The additional net proceeds of approximately HK$158.7 million to be received by the Company from the allotment and issue of the Over-allotment Shares after deducting the underwriting fees and commissions and other estimated expenses (if any) in connection with the Over-allotment Shares to be issued upon the partial exercise of the Over-allotment Option, will be used by the Company for the purposes as set out in the section headed “Future Plans and Use of Proceeds” in the Prospectus.

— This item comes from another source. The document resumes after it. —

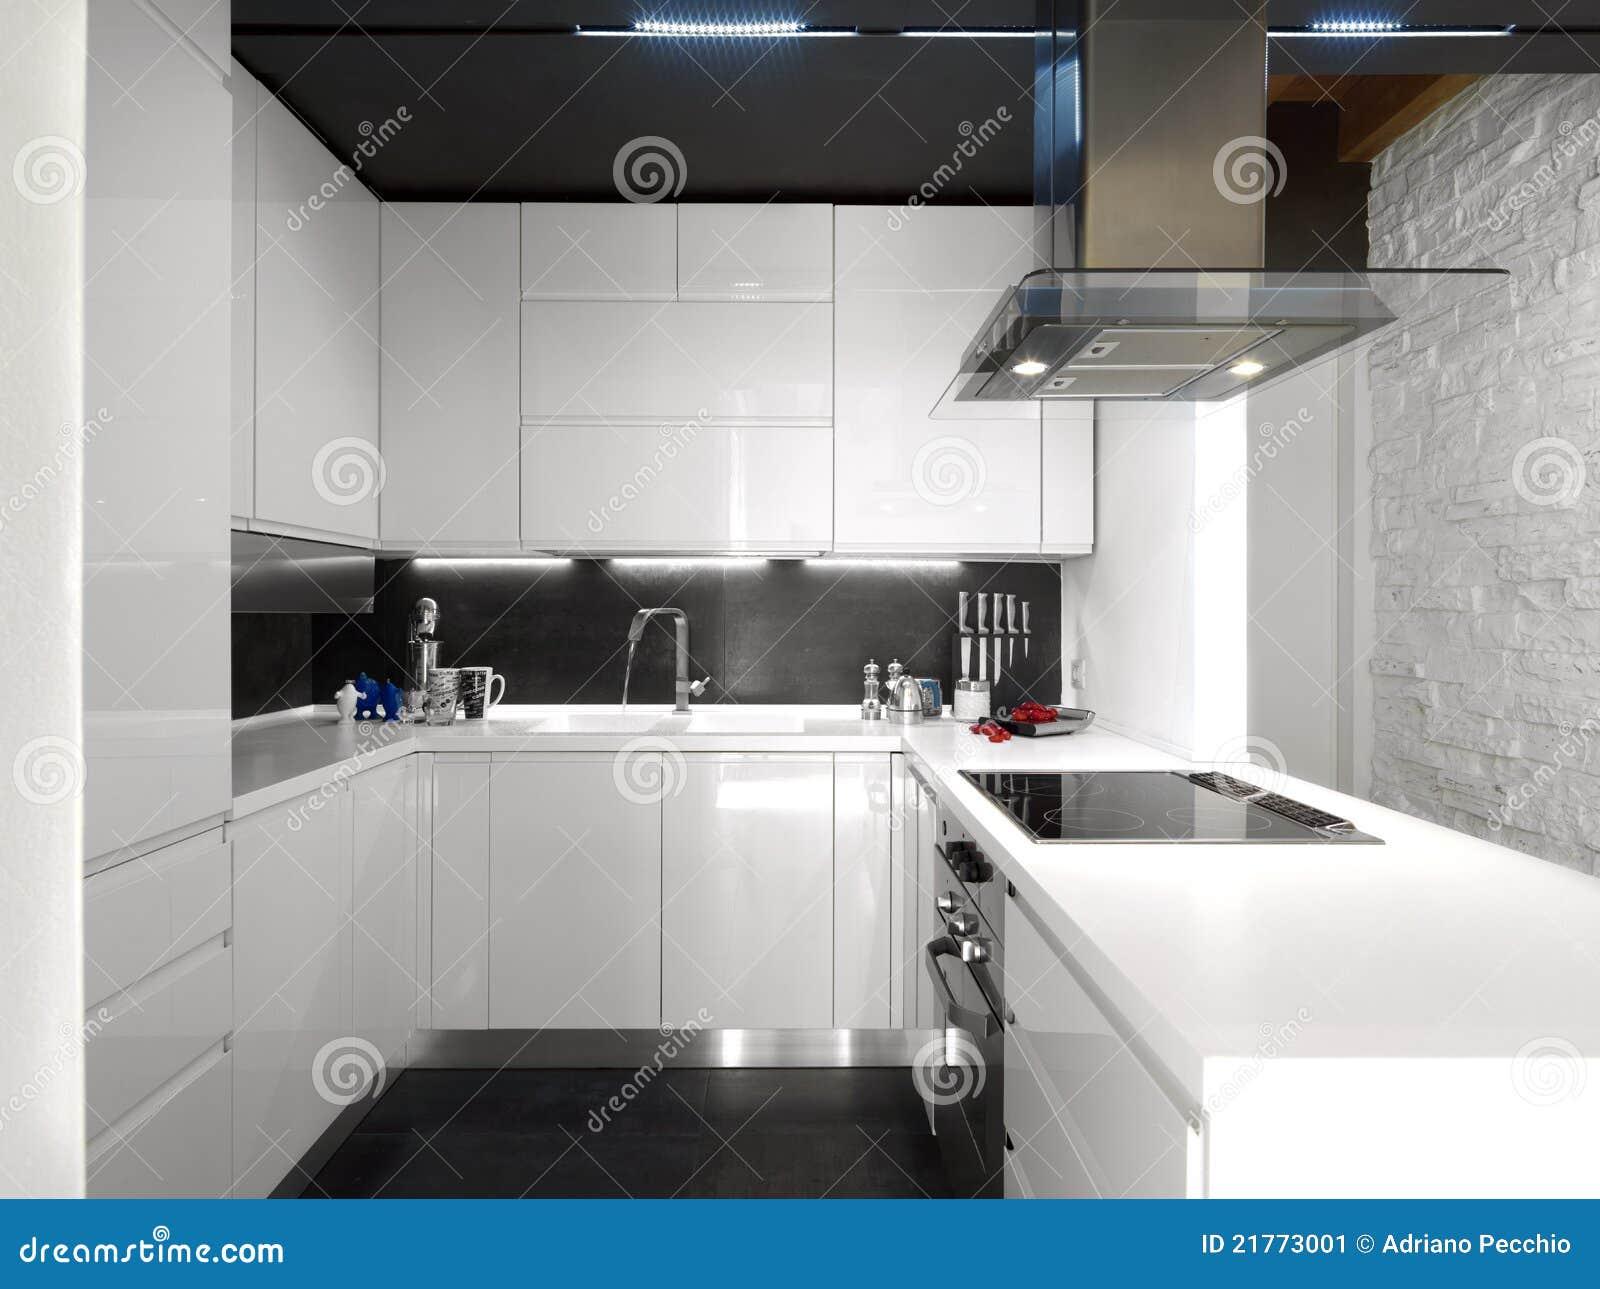 Cucina moderna bianca con gli apparecchi d 39 acciaio for Cucina moderna nera e bianca

STABILIZING ACTIONS AND END OF STABILIZATION PERIOD

The Company announces that the stabilization period in connection with the Global Offering ended on Wednesday, January 13, 2021, being the 30th day after the last day for lodging of applications under the Hong Kong Public Offering. The stabilizing actions undertaken by the Stabilizing Manager, or any person acting for it during the stabilization period are set out below:

  • (a) over-allocations of an aggregate of 14,471,400 Offer Shares in the International Offering, representing approximately 15% of the total number of the Offer Shares initially available under the Global Offering before any exercise of the Over-allotment Option;

  • (b) borrowing of an aggregate of 14,471,400 Shares by an affiliate of the Stabilizing Manager from Yakovpharma Ltd pursuant to the Stock Borrowing Agreement to cover over-allocations in the International Offering;

  • (c) successive purchases of an aggregate of 2,663,100 Shares in the price range of HK$13.02 to HK$14.00 per Share (exclusive of brokerage of 1%, SFC transaction levy of 0.0027% and Stock Exchange trading fee of 0.005%) on the market during the stabilization period, representing approximately 2.76% of the total number of the Offer Shares initially available under the Global Offering before any exercise of the Over-allotment Option. The last purchase made by the Stabilizing Manager or any person acting for it on the market during the course of the stabilization period was January 5, 2021 at the price of HK$13.98 per Share (exclusive of brokerage of 1%, SFC transaction levy of 0.0027% and Stock Exchange trading fee of 0.005%);

  • (d) the partial exercise of the Over-allotment Option by the Joint Global Coordinators (for themselves and on behalf of the International Underwriters) on January 13, 2021, in respect of an aggregate of 11,808,300 additional Shares, representing approximately 12.24% of the total number of the Offer Shares initially available under the Global Offering before any exercise of the Over-allotment Option, at the Offer Price per Share; and

  • (e) the portion of the Over-allotment Option which has not been exercised by the Joint Global Coordinators (for themselves and on behalf of the International Underwriters) lapsed on January 13, 2021.

4

PUBLIC FLOAT

Immediately after the completion of the Global Offering and after the partial exercise of the Over-allotment Option, the Company will continue to comply with the public float requirements under Rule 8.08(1)(a) and Rule 18A.07 of the Listing Rules.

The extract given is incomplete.